Abstract B48: Lack of efficacy of the anti-diabetic drug metformin in the ER+ methylnitrosourea (MNU)-induced and the ER- MMTV-Neu/p53KO models of mammary cancer

Abstract

Abstract Metformin, an anti-diabetic drug, activates AMP-activated protein kinase (AMPK), and has generated a great deal of interest as a potential preventive agent for a variety of cancers, including breast. This interest is based both on epidemiologic studies showing that diabetics treated with metformin have a lower incidence of a variety of cancers, and on mechanistic considerations arguing that activation of AMPK is likely to be relevant to cancer treatment and prevention. We examined the preventive efficacy of metformin in ER+ and ER- rodent mammary cancer models. Treatment of Sprague-Dawley female rats at 50 days of age with a single dose of MNU (75 mg/kg BW) resulted in the development of multiple ER+ mammary cancers beginning approximately 7 weeks after MNU treatment. This model has been highly responsive to a wide variety of agents that affect ER+ tumors in humans (SERMs, aromatase inhibitors, pregnancy, ovariectomy). Metformin was administered by gavage (7x/week) at either 150 or 50 mg/kg BW/day beginning 7 days after MNU dosing, and continuing for the duration of the study. Metformin failed to decrease mammary tumor incidence and, in fact, increased tumor multiplicity in this model by approximately 35%. In addition, we are evaluating the ability of metformin to inhibit mammary cancer in MMTV-Neu/p53KO mice (which spontaneously develop ER- cancers).
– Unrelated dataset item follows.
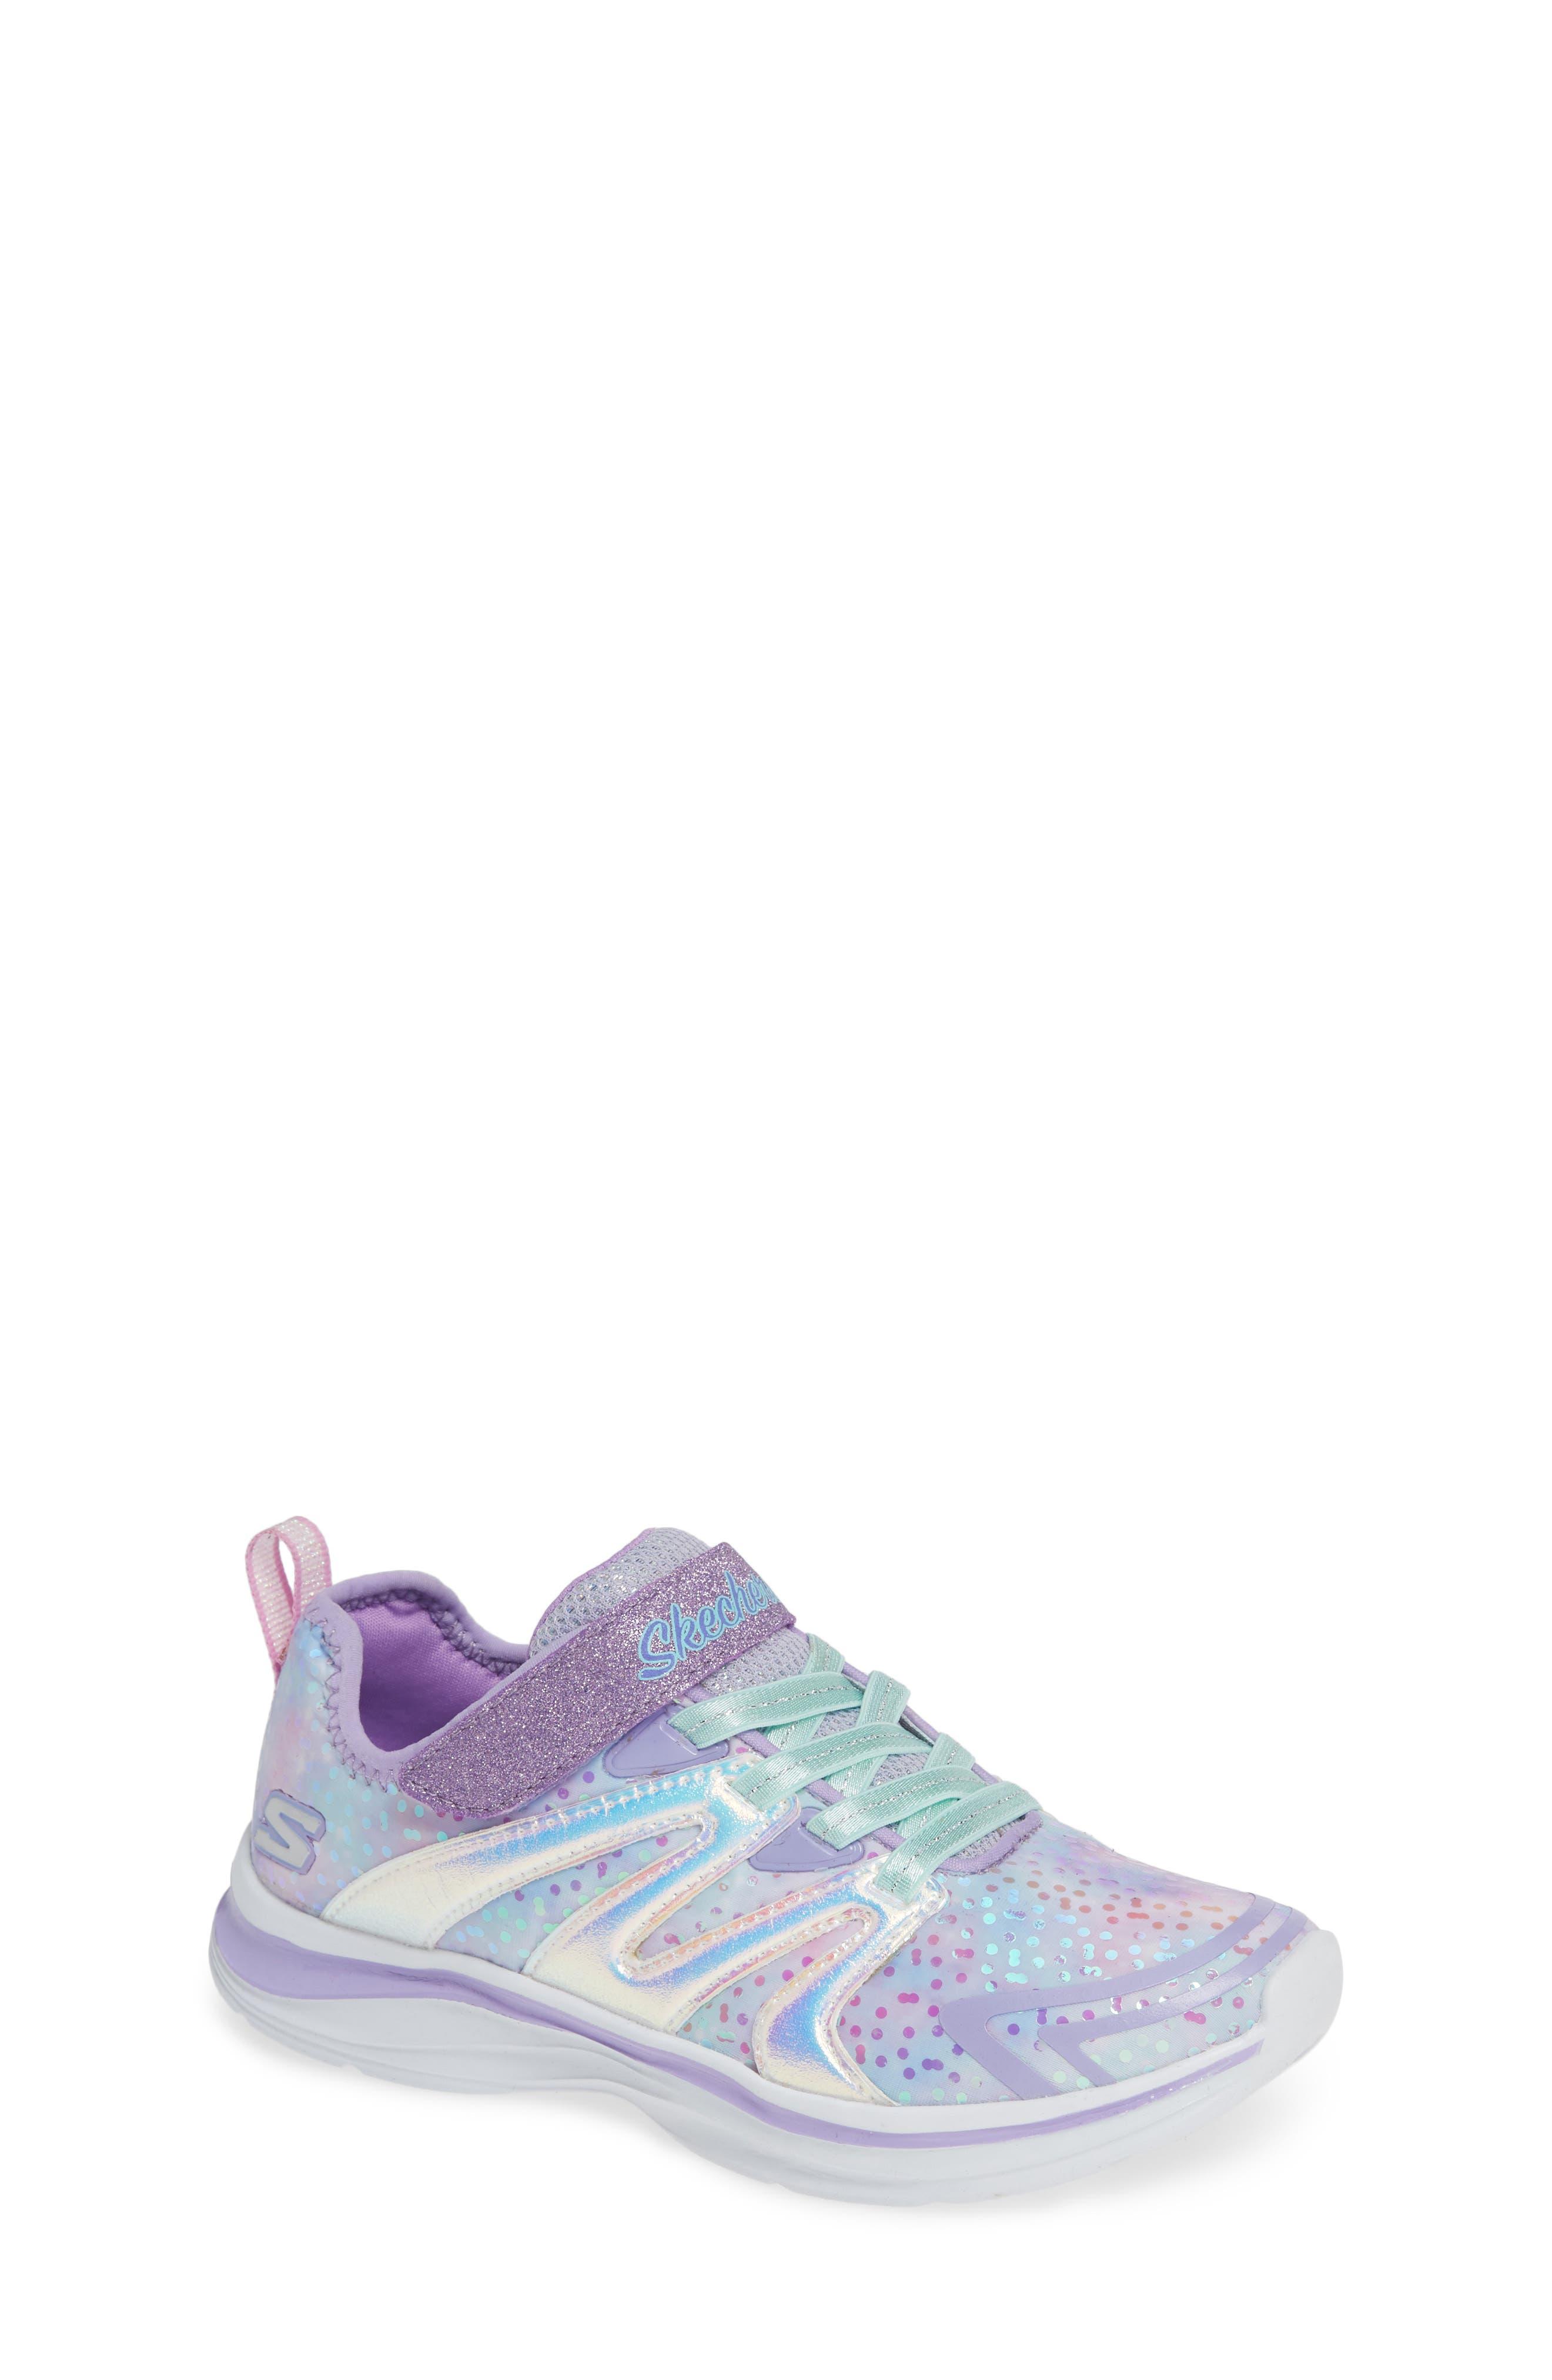 Double Dreams Shimmer Sneaker,                         Main,                         color, LAVENDER/ MULTI
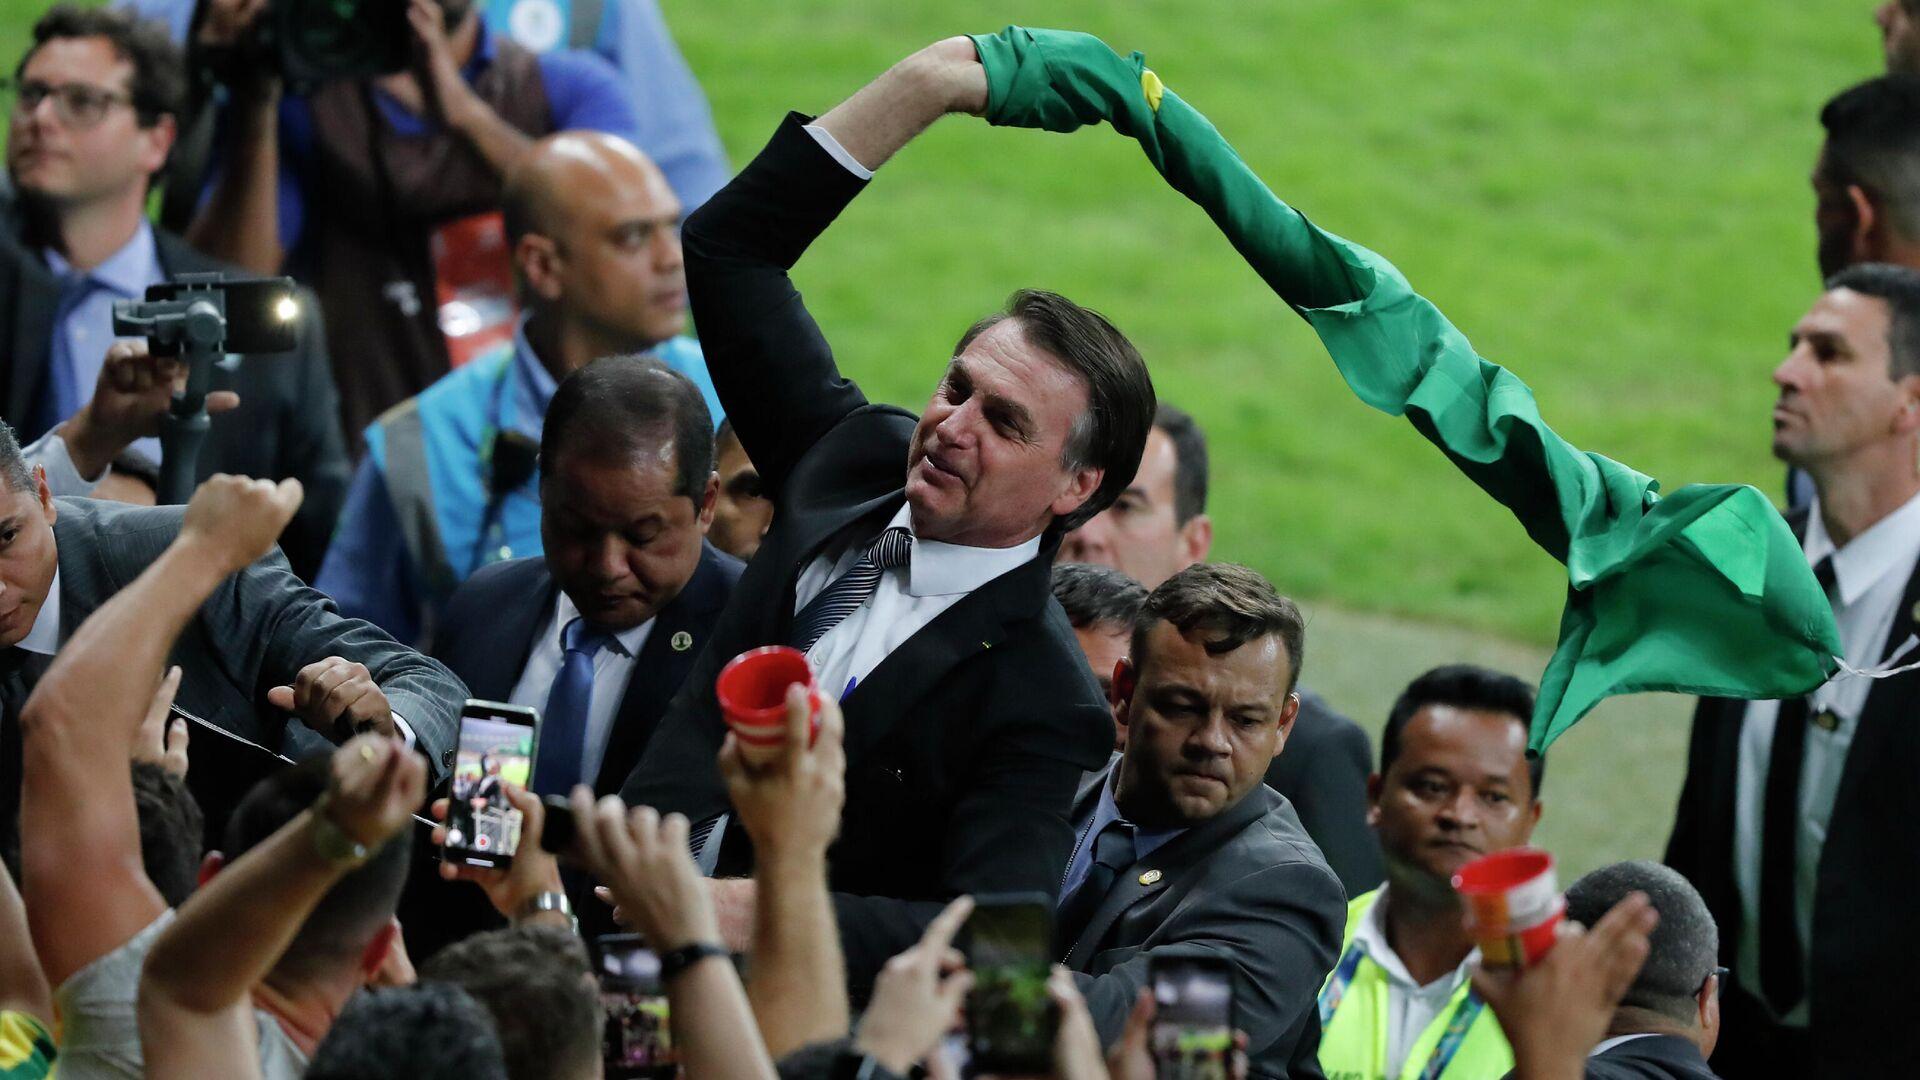 El presidente de Brasil,. Jair Bolsonaro, celebra el título de la Copa América 2019 tras el triunfo de Brasil - Sputnik Mundo, 1920, 07.06.2021

In this study, metformin was administered in the diet at a dose level of 1500 mg/kg diet. Initial supplementation of the diet with this agent began when the mice were 60 days of age, and will continue for 10 months. This study similarly has shown no preventive efficacy of metformin (av. tumors/mice: controls, 2.1; metformin, 2.5). Thus, these initial studies fail to observe any chemopreventive efficacy of metformin in two commonly employed models of ER+ and ER- mammary cancers in rodents. Supported by NCI contract number HHSN261200433001C. Citation Information: Cancer Prev Res 2010;3(12 Suppl):B48.